Nos últimos anos, muita gente passou a acreditar que o “vapor” do vape seria inofensivo — quase “apenas água” com sabor. Não é. Cigarros eletrônicos são dispositivos que aquecem líquidos e liberam um aerossol que vai direto para a boca, garganta e pulmões.
Esse aerossol costuma conter nicotina (uma substância altamente viciante), solventes como propilenoglicol e glicerina, aromatizantes e partículas muito pequenas capazes de chegar a tecidos sensíveis.
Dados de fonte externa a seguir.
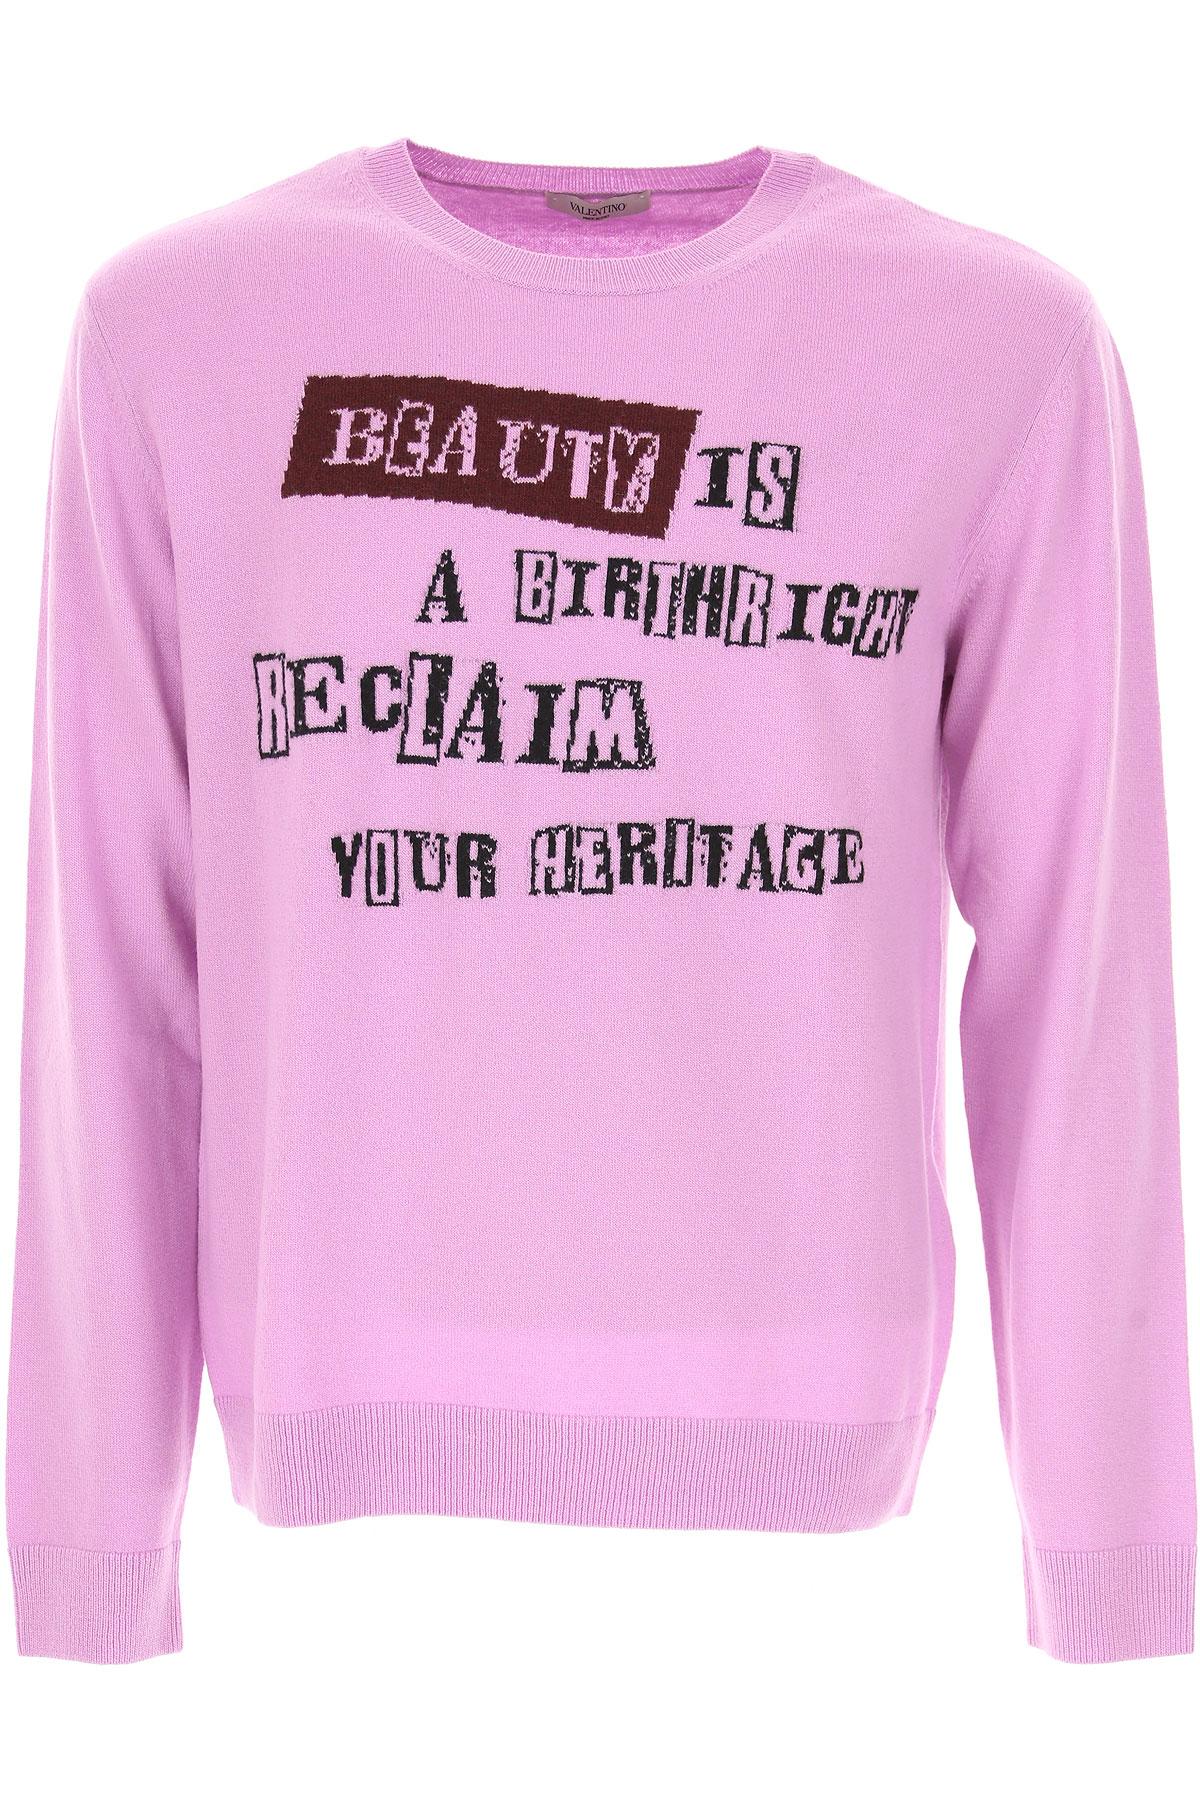 バレンチノ セーター男性用 メンズ アウトレットセール, ライラック, ウール, 2017, L S XL

Diversos órgãos de saúde deixam claro: não existe nível seguro de uso para jovens, gestantes e não fumantes, e esses produtos não são “saudáveis” para a boca.
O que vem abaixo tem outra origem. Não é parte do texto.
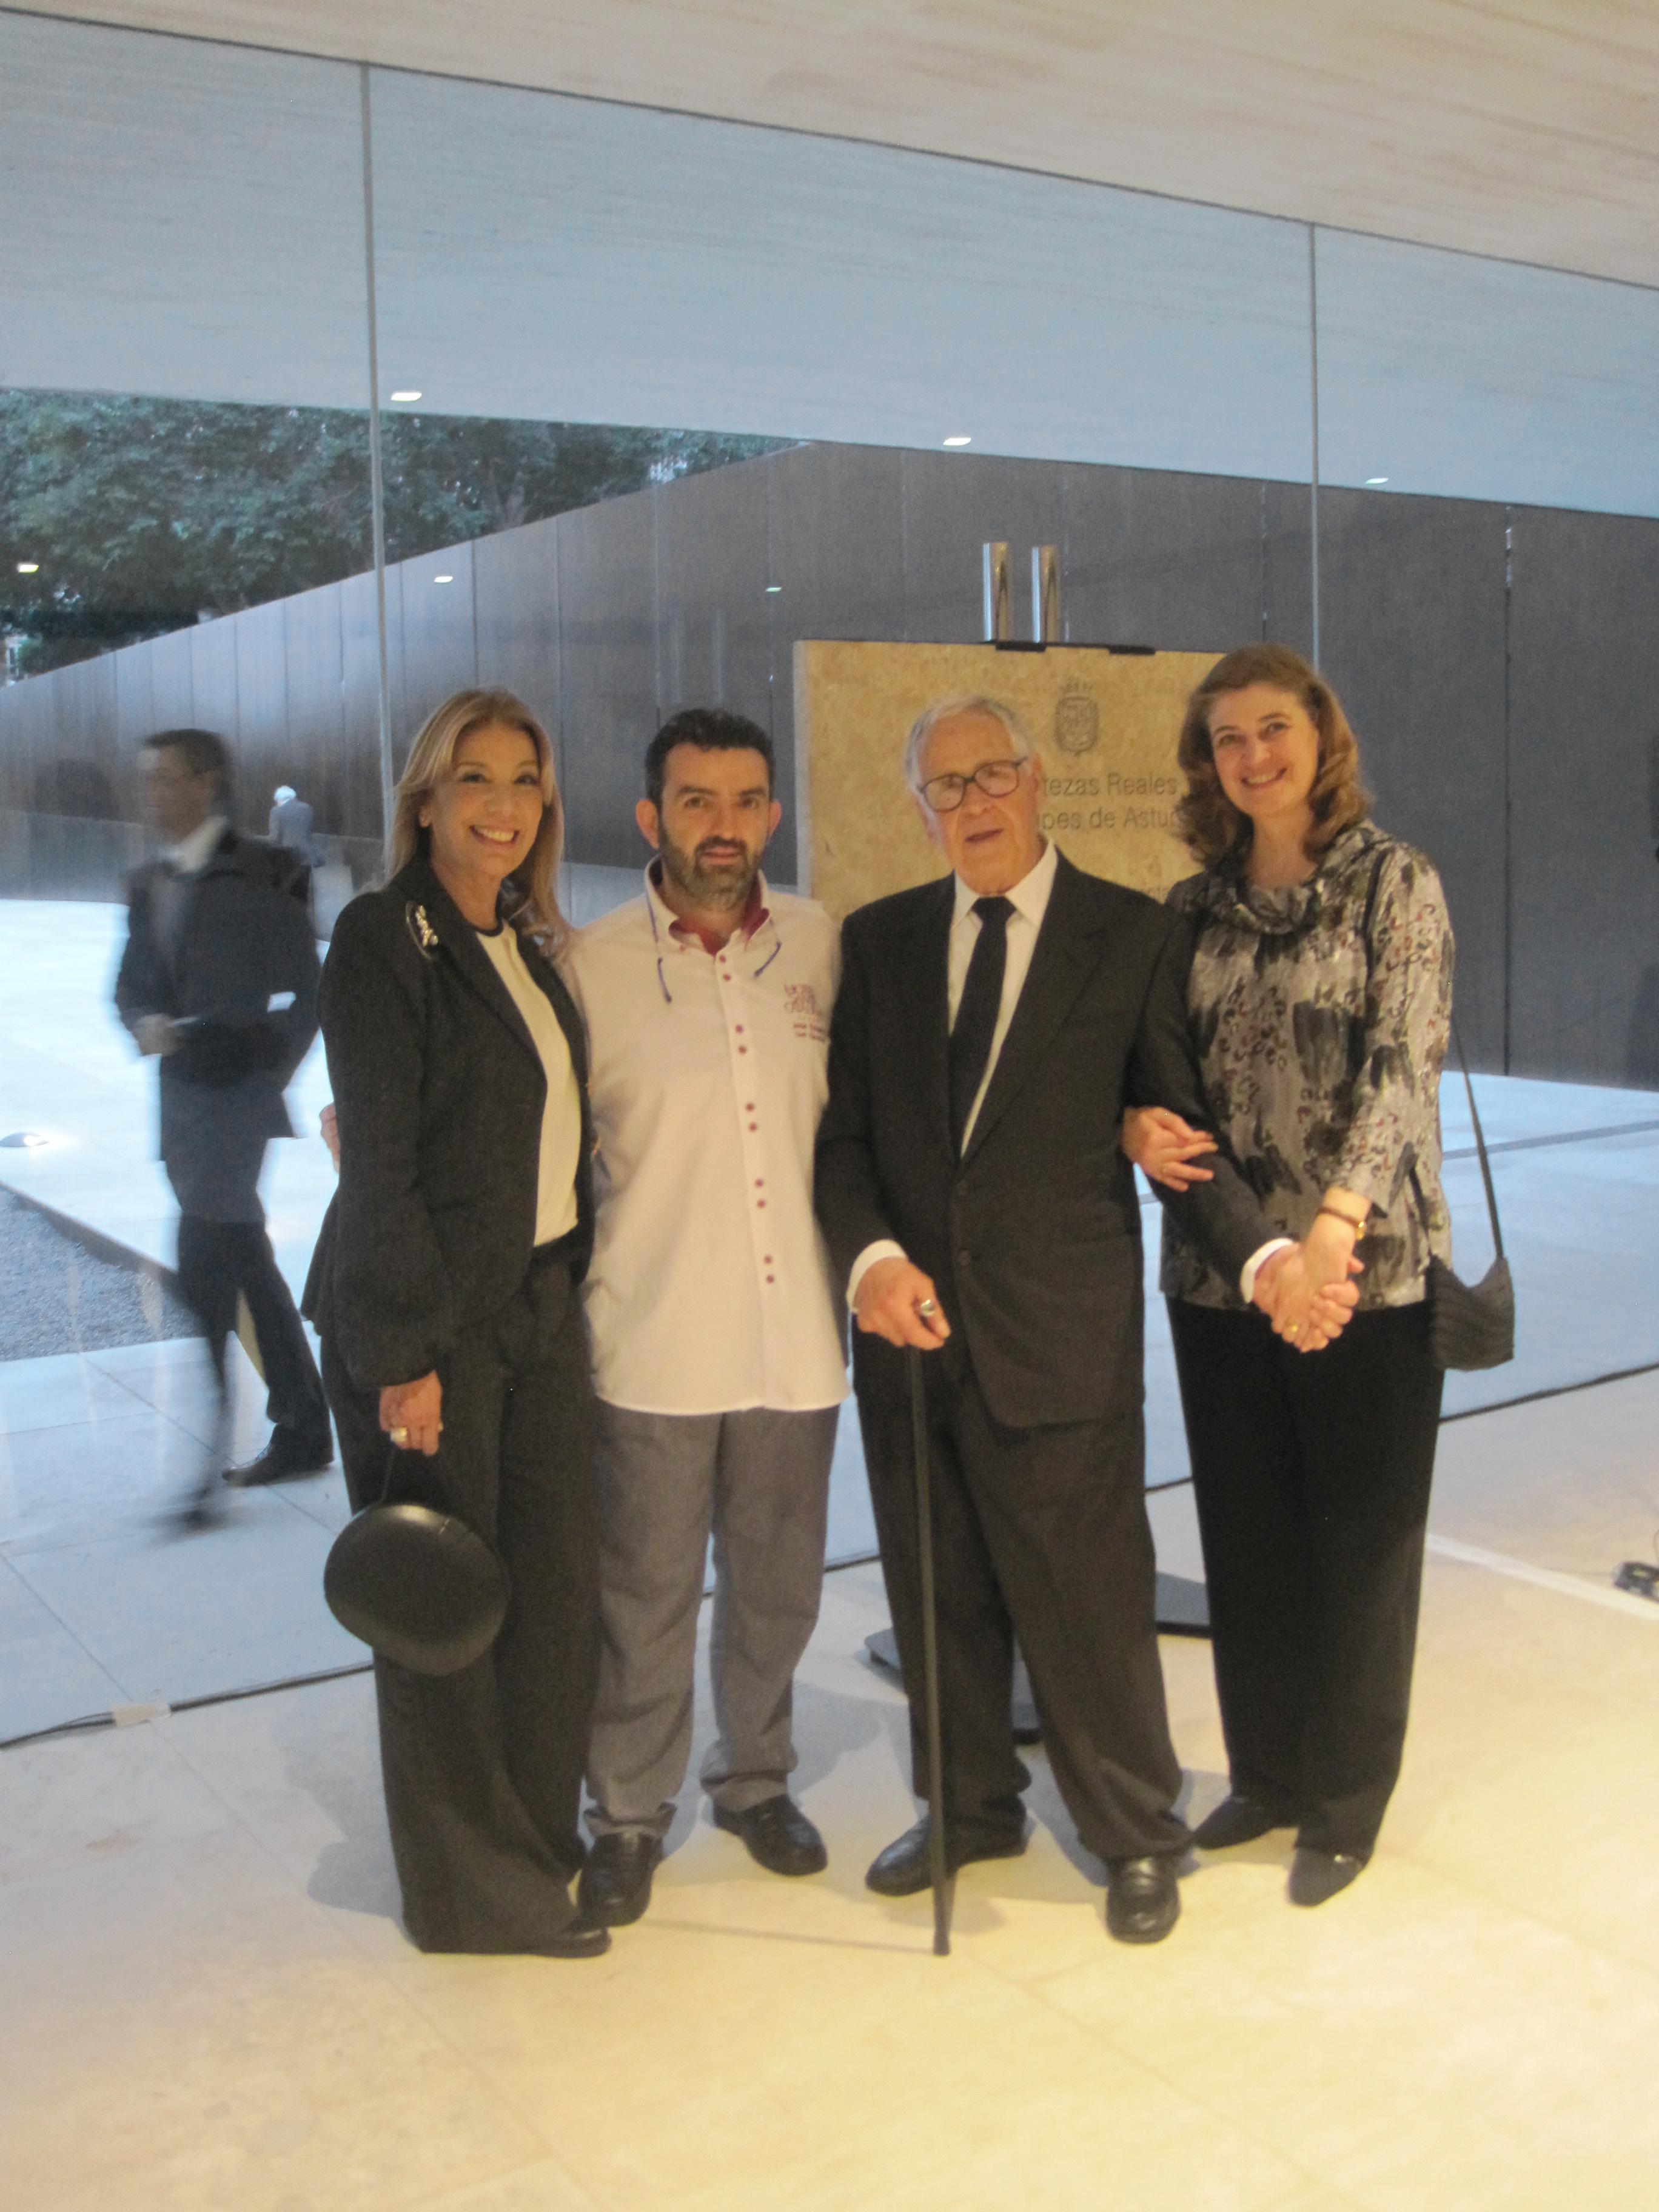 Rosi Curbelo, José Rojano, Martín y Marta Chirino

O que entra na sua boca quando você traga um vape?
Estudos independentes identificaram no aerossol metais tóxicos como níquel, cromo e chumbo, vindos principalmente das partes metálicas aquecidas do aparelho. Esses metais podem se depositar na cavidade oral e, com o tempo, favorecer processos inflamatórios e dano tecidual.
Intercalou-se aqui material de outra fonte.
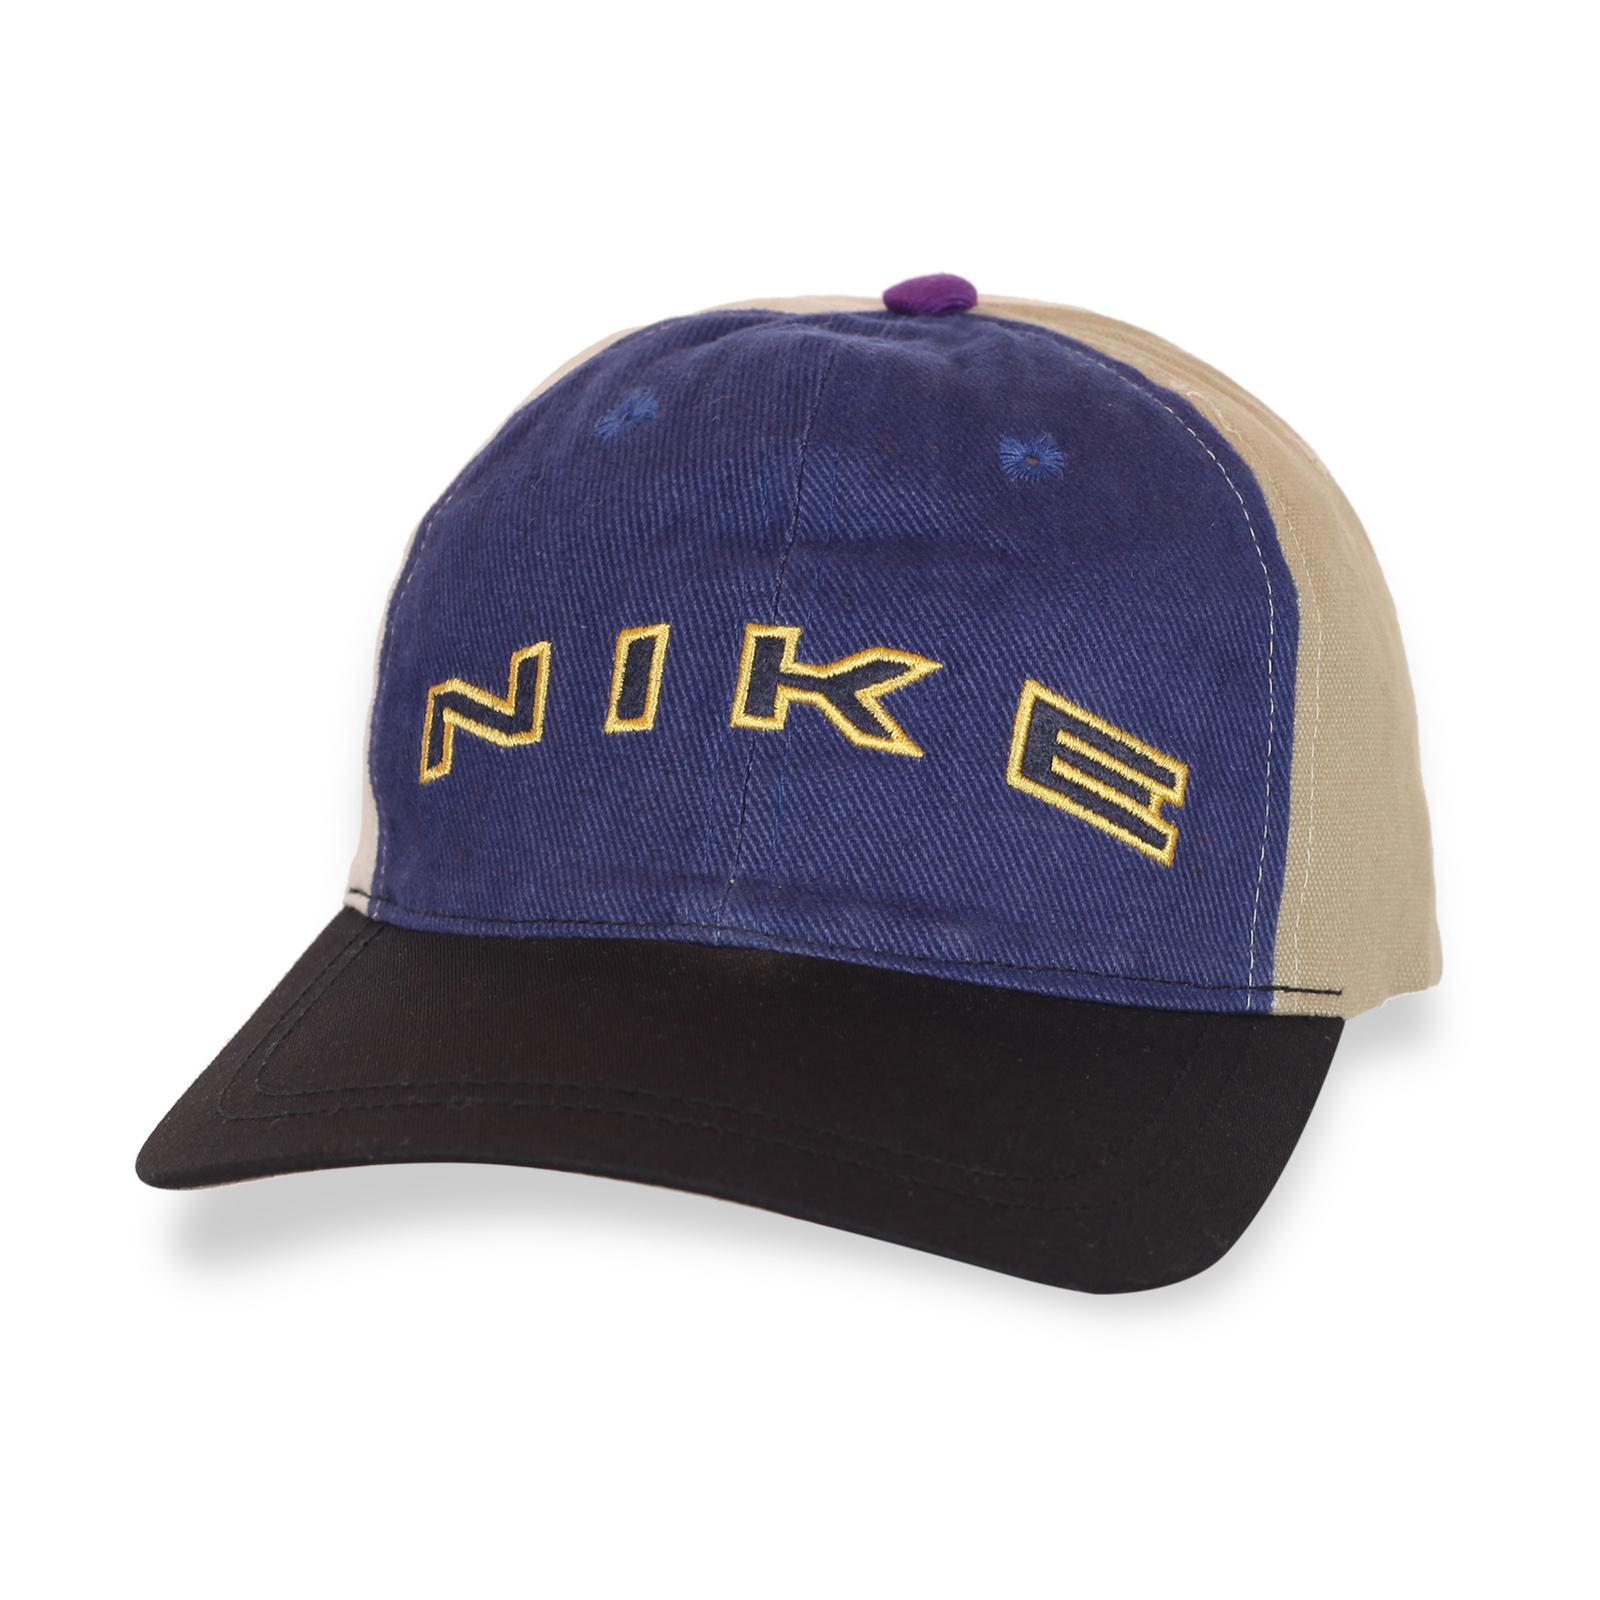 Трехцветная стильная кепка

Além disso, as bases líquidas (propilenoglicol e glicerina) e os sabores doces formam um “spray” pegajoso que adere aos dentes e às gengivas. Em laboratório, aerossois de sabores doces dobraram a formação de biofilme (a “placa bacteriana”) e reduziram a dureza do esmalte em até 27% — um passo na direção da cárie.
Cárie: por que o vape aumenta o risco
A ciência já observou uma associação entre uso de e-cigarros e maior risco de cárie em pacientes acompanhados em consultório. Não é um detalhe: usuários de vape tendem a ser classificados com risco de cárie mais alto do que não usuários. O provável “combo” por trás disso inclui a película doce e viscosa dos sabores, alterações na saliva e uma mudança no equilíbrio das bactérias da boca.
Em outras palavras: o vape cria um ambiente perfeito para bactérias cariogênicas grudarem melhor, produzirem mais ácido e desmineralizarem o esmalte.
Gengiva e osso: inflamação que vai além da superfície
Gengivas saudáveis dependem de um equilíbrio delicado entre a placa bacteriana e a resposta de defesa do nosso organismo. Pesquisas detectaram, na saliva e no fluido gengival de usuários de cigarros eletrônicos, marcadores inflamatórios aumentados — um sinal de que a gengiva está reagindo negativamente ao contato frequente com o aerossol.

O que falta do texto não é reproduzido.